The sensor can be connected to a data processing system such as a
personal computer that can be used to record and process data. The
computer can be programmed using a software module to correct the
pH for temperature control system operation and to indicate to the
user the status of the patient and changes in system status and
operation. The system can also prompt the surgeon as to indicated
changes in a surgical procedure in progress. The computer can be
connected to a controller that operates a fluid delivery system and
various temperature and pressure sensors can provide data for the
monitoring system regarding patient status.
[0016] Another preferred embodiment of the present invention
includes online, real-time measurement and monitoring of myocardial
tissue pH. In particular, myocardial tissue pH is monitored in the
anterior and posterior walls of the left ventricle in patients
undergoing cardiac surgery. In accordance with one aspect of the
present invention, the relationship between pH and temperature and
between the pH and the hydrogen ion [H.sup.+] in tissues is used
for interpreting the myocardial pH data generated in the course of
a cardiac surgical procedure. Intraoperative monitoring of
myocardial pH is an important modality for the surgeon for online
assessment and improvement of the adequacy of myocardial
protection. Myocardial protection is correlated to protection from
myocardial tissue acidosis. This measure of acidosis also provides
an online tool for assessing the adequacy of coronary
revascularization and outcomes for off-pump coronary artery bypass
grafting.
[0017] In a preferred embodiment an improved 30-day and long-term
postoperative outcome is achieved when the integrated mean pH
during the period of aortic clamping is kept at or above pH 6.8 in
both the anterior and posterior walls of the left ventricle. In a
preferred embodiment, myocardial pH, when measured simultaneously
in the anterior and posterior walls of the left ventricle provides
a reliable presentation of the global acid-base balance in the left
ventricular myocardium.
[0018] A preferred embodiment includes a method of detecting
acidosis in tissue comprising the steps of contacting the tissue of
a patient with a first pH electrode disposed in an anterior wall of
the left ventricle, and further contacting the tissue of the
patient with a second pH electrode disposed in a posterior wall of
the left ventricle. The method includes measuring the pH of the
tissue with the first and second electrode during cardiac surgery,
monitoring the pH of the tissue with the first and second electrode
during cardiac surgery, determining if the tissue pH falls below a
threshold level indicative of acidosis with the first and second
electrode, and determining a post-operative outcome based on the
threshold level and the tissue pH measured by the first and second
electrode. In a preferred embodiment the normal and temperature
corrected tissue pH range is 7.10-7.30, mild moderate acidosis
ranges from 6.69-6.50, severe acidosis ranges from 6.49-6.20, very
severe acidosis is pH.ltoreq.6.19.
BRIEF DESCRIPTION OF THE DRAWINGS
[0019] The foregoing and other objects, features and advantages of
the invention will be apparent from the following more particular
description of preferred embodiments of the invention, as
illustrated in the accompanying drawings in which like reference
characters refer to the same parts throughout the different views.

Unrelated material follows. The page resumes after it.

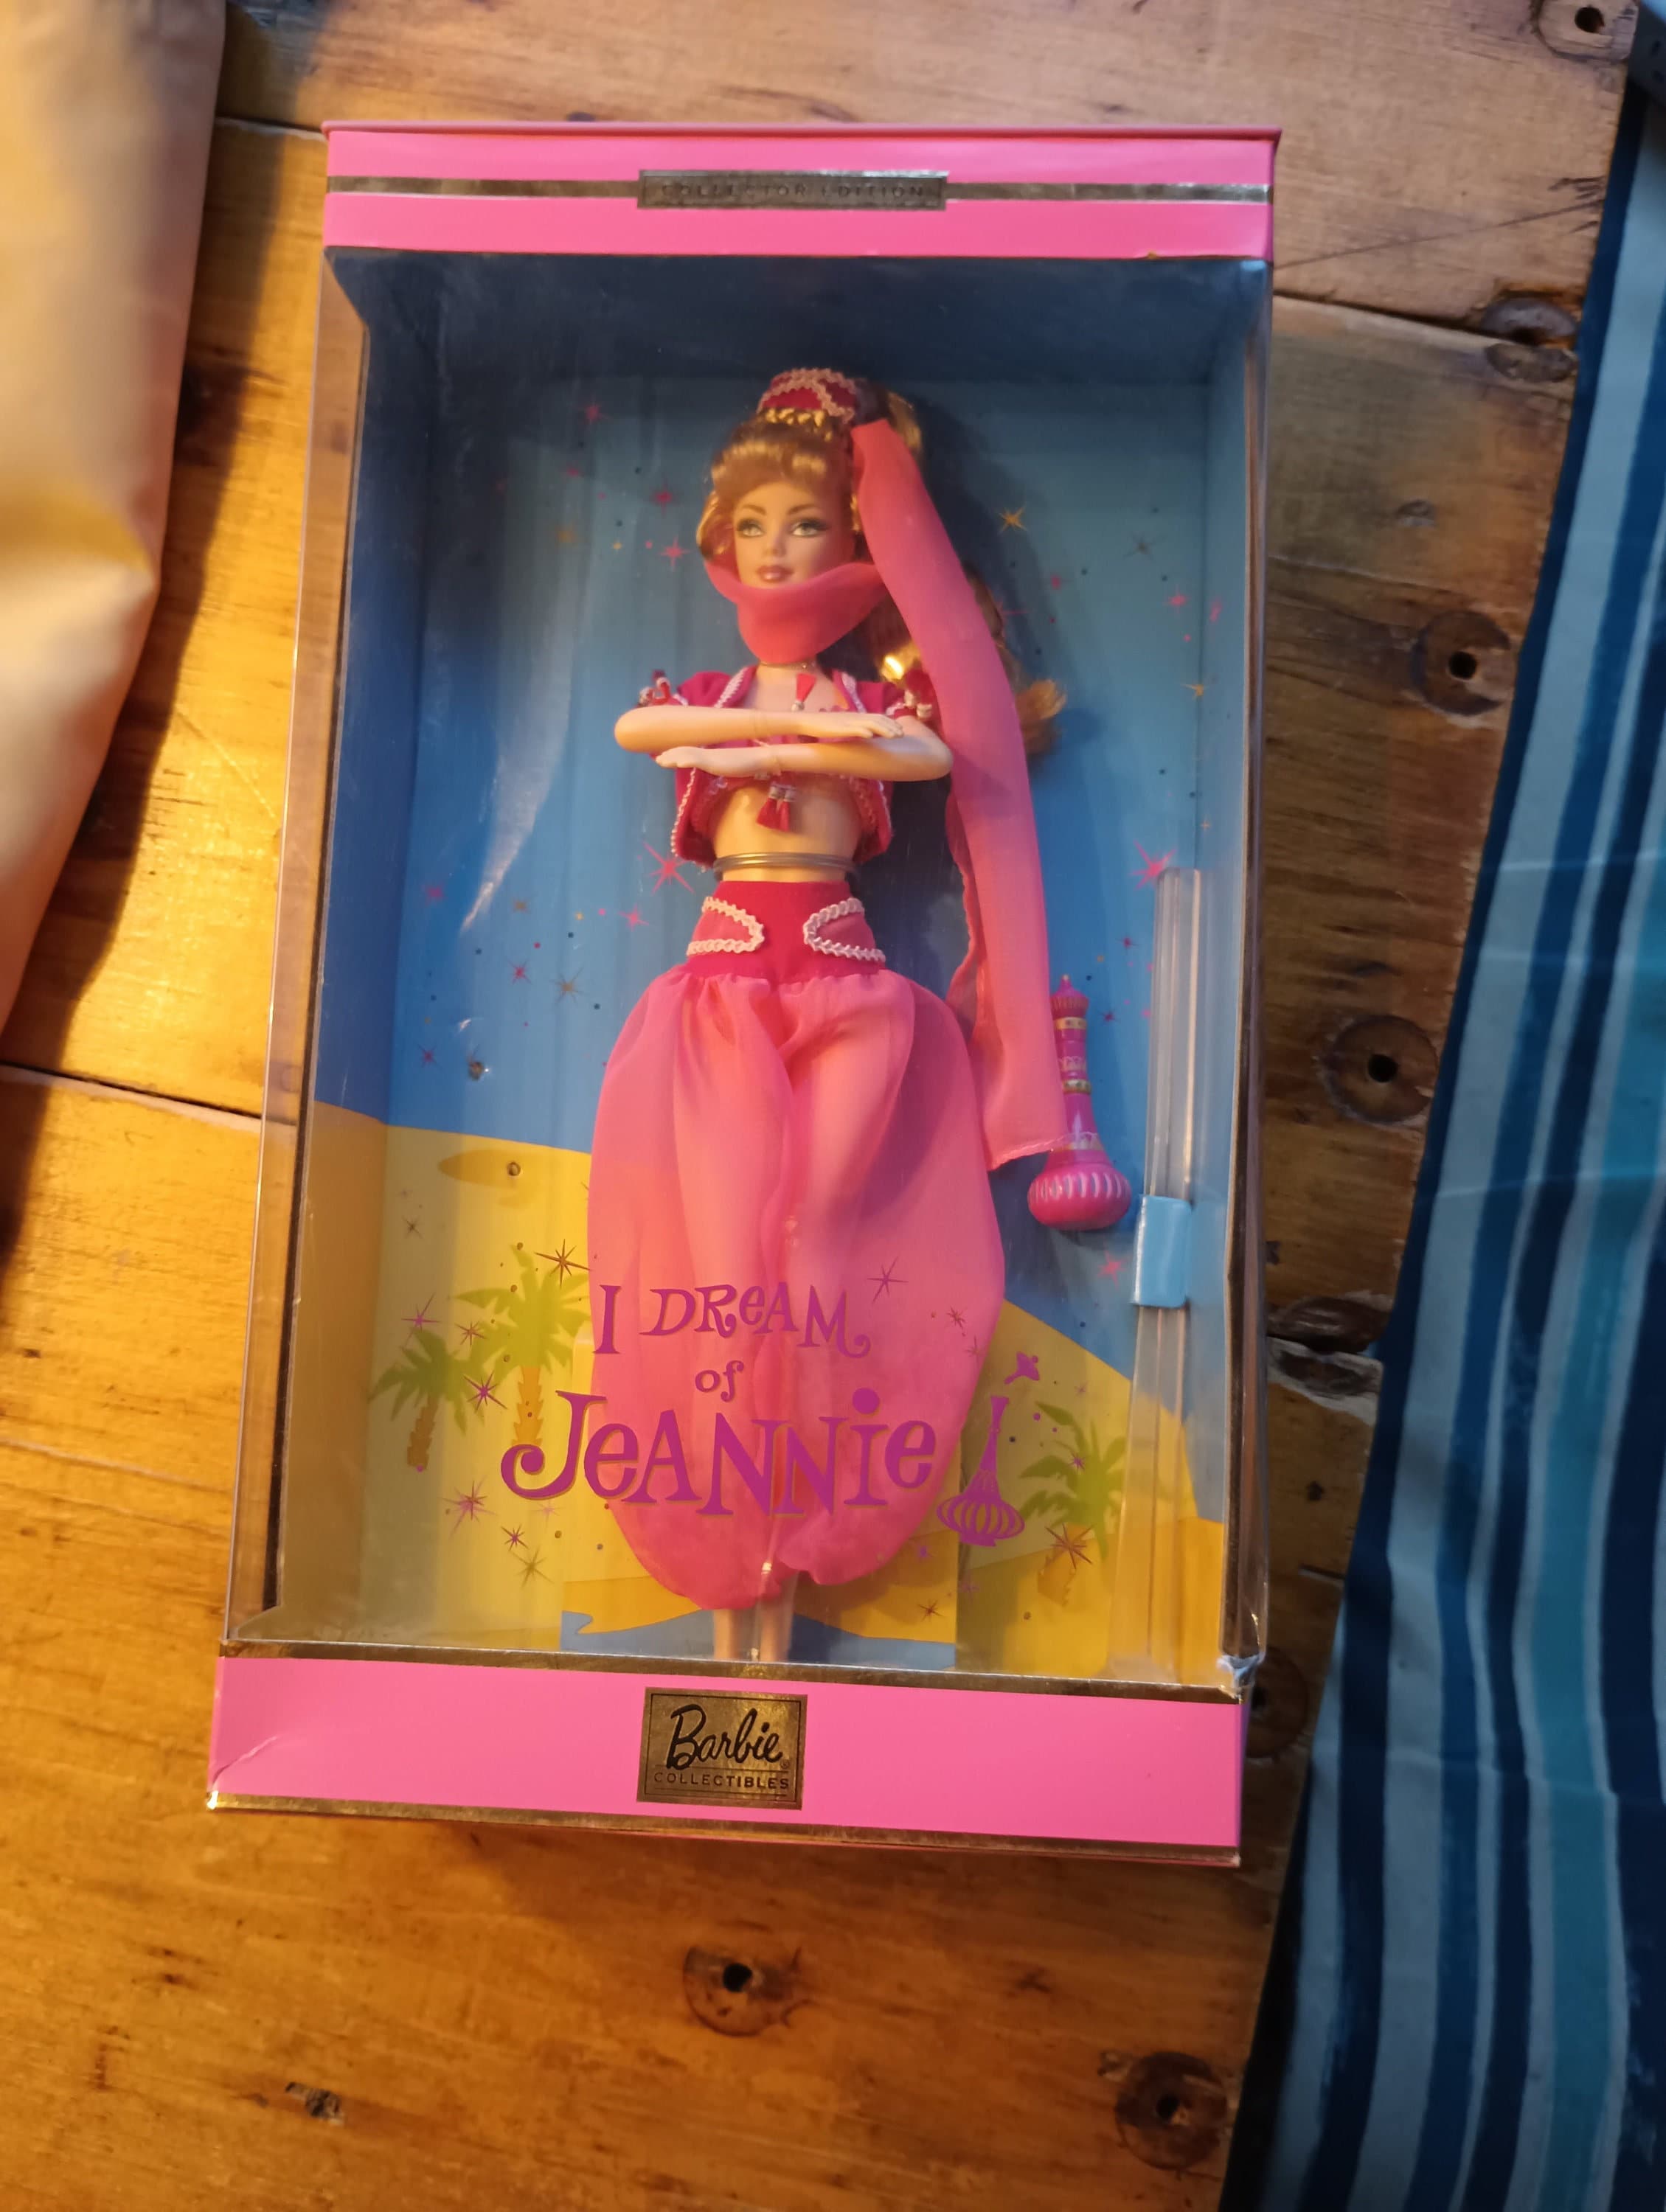 Barbie - a Princesa e a Pop Star + Marca Página em Promoção na Americanas

The drawings are not necessarily to scale, emphasis instead being
placed upon illustrating the principles of the invention.
[0020] FIG. 1 illustrates a method of using tissue pH to identify
ischemic segments of a myocardium and the options available to a
user to utilize this information and take an appropriate course of
action in accordance with a preferred embodiment of the present
invention.
[0021] FIG. 2 illustrates the methods of delivery of a pH electrode
to cardiac tissue in accordance with a preferred embodiment of the
present invention.
[0022] FIG. 3 illustrates a method of effecting an optimal delivery
of preservation solution to the heart during surgery in accordance
with a preferred embodiment of the present invention.

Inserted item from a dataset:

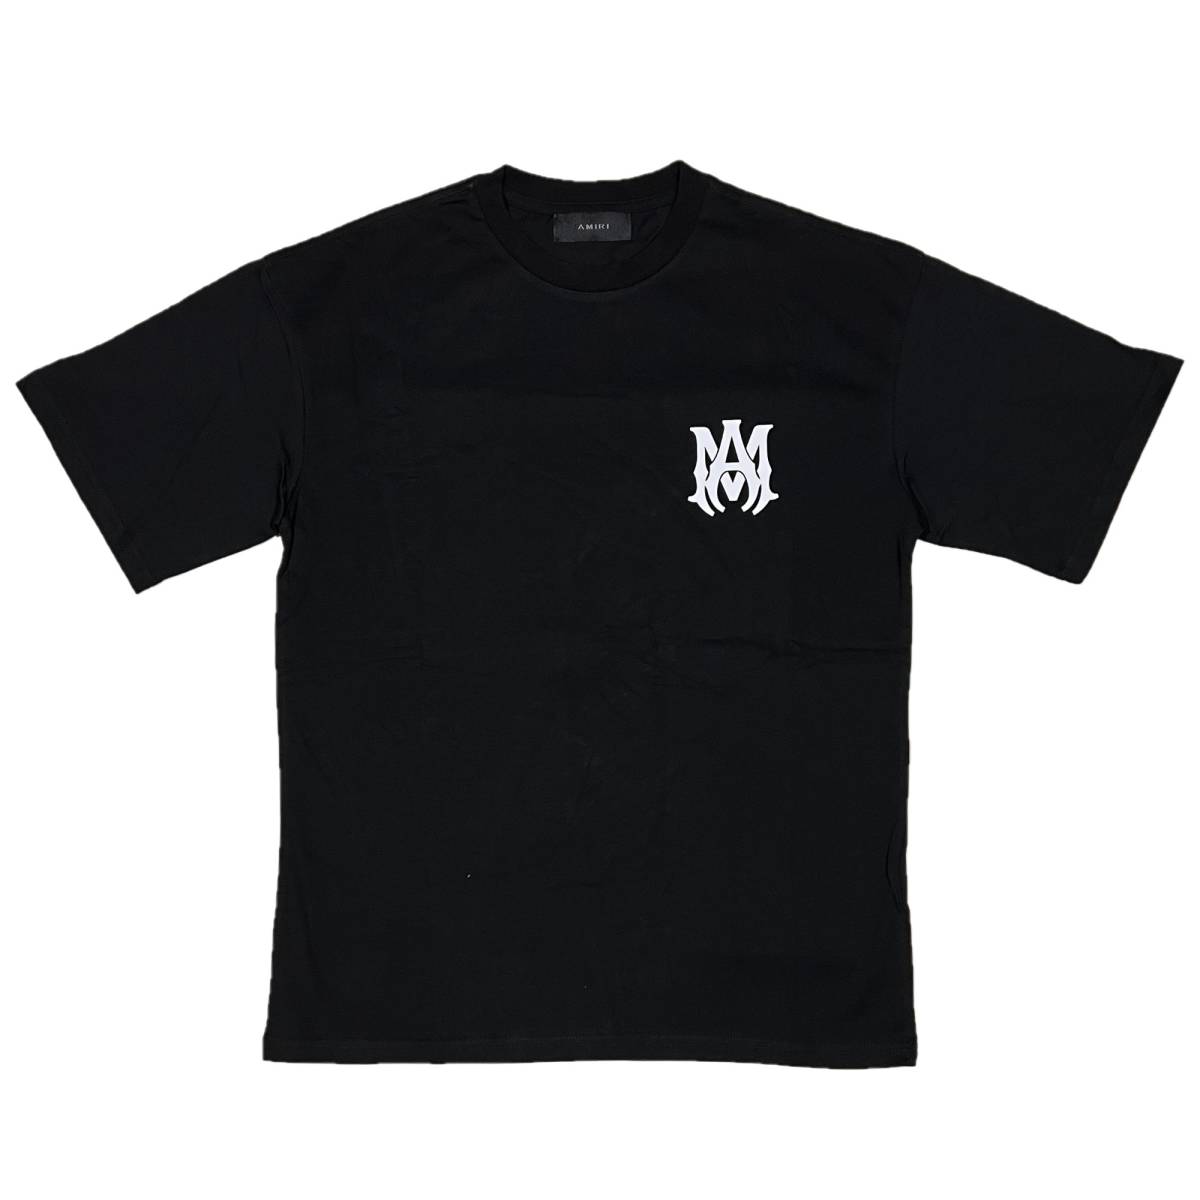 [並行輸入品] AMIRI アミリ MA CORE ロゴ 半袖 Tシャツ (ブラック) (S)

[0023] FIG. 4 illustrates a method of using the pH electrode to
measure the condition of tissue and alter the conduct of an
operation involving the tissue in accordance with a preferred
embodiment of the present invention.
[0024] FIG. 5 illustrates a sectional view of a preferred
embodiment of a pH electrode in accordance with the present
invention.
[0025] FIG. 6 illustrates a turkey foot configuration of a
cardioplegia delivery system and tools in accordance with a
preferred embodiment of the present invention.

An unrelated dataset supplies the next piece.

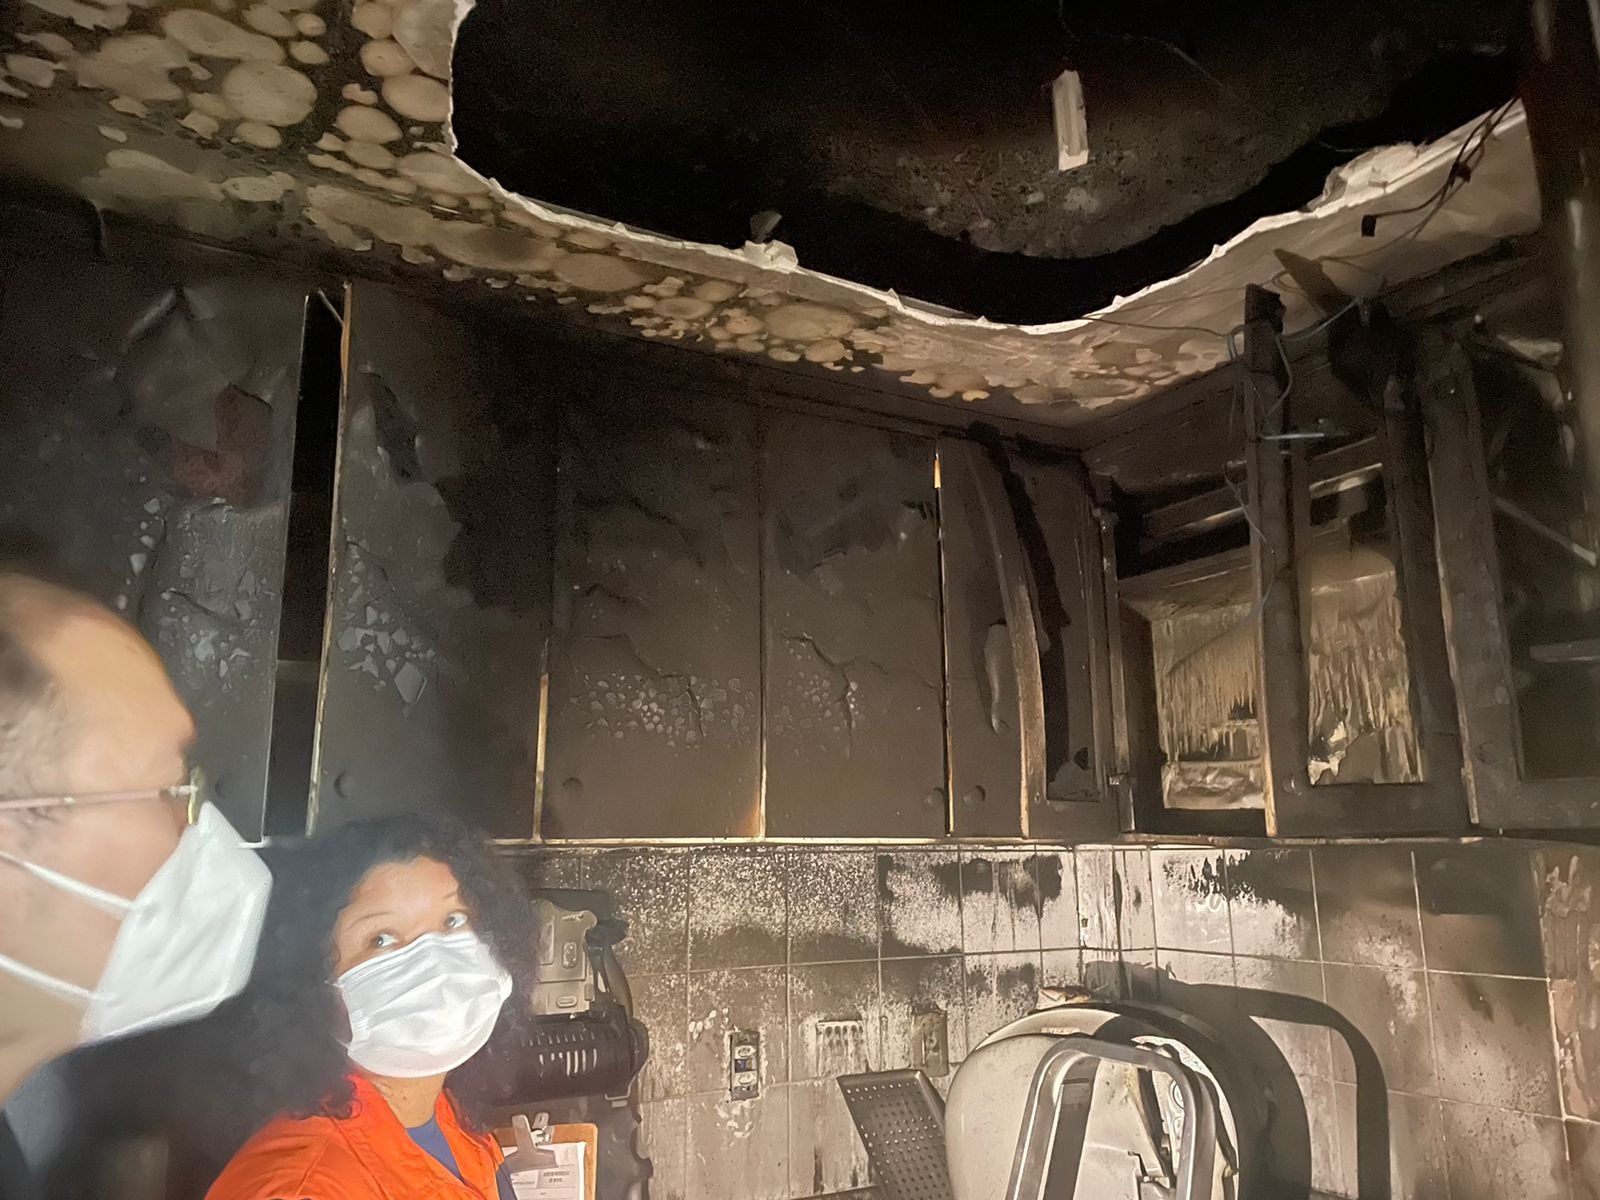 Sala em que incêndio teve início ficou bastante suja de fuligem e o forro do teto caiu

[0026] FIG. 7A shows a manifold cardioplegia delivery system and
tools attached to a heart in accordance with a preferred embodiment
of the present invention.
[0027] FIG. 7B shows a cannula placed within the left main coronary
artery of the heart in accordance with a preferred embodiment of
the present invention.
[0028] FIG. 8 shows a coronary sinus cannula connected to a venous
cannula in accordance with a preferred embodiment of the present
invention.
[0029] FIG. 9 graphically illustrates the pH monitored at the
anterior and posterior wall of the left ventricle in accordance
with a preferred embodiment of the present invention.
[0030] FIGS. 10A and 10B are graphical illustrations of the
relationship between tissue pH measured with an electrode of a
preferred embodiment and nuclear magnetic resonance (NMR)
spectroscopy, respectively, during coronary artery occlusion in
accordance with the present invention.
[0031] FIG. 11 is a graphical illustration of an anterior left
ventricular wall pH and temperature recorded in the course of an
aortic valve replacement, wherein the broken line shows myocardial
temperature, which fell to 13.degree. C. with administration of
cold cardioplegia delivered immediately after aortic clamping, the
thin solid line shows actual myocardial pH whereas the thick solid
line shows pH corrected to 37.degree. C. and XC=cross-clamp, in
accordance with the present invention.
[0032] FIG. 12 illustrates the relationship between pH (in units)
and corresponding hydrogen ions in nanomoles.
[0033] FIG. 13 graphically illustrates the myocardial pH recordings
from anterior and posterior left ventricle walls in a 52-year-old
man who underwent coronary artery bypass grafting to the left
anterior descending coronary artery and aortic valve replacement.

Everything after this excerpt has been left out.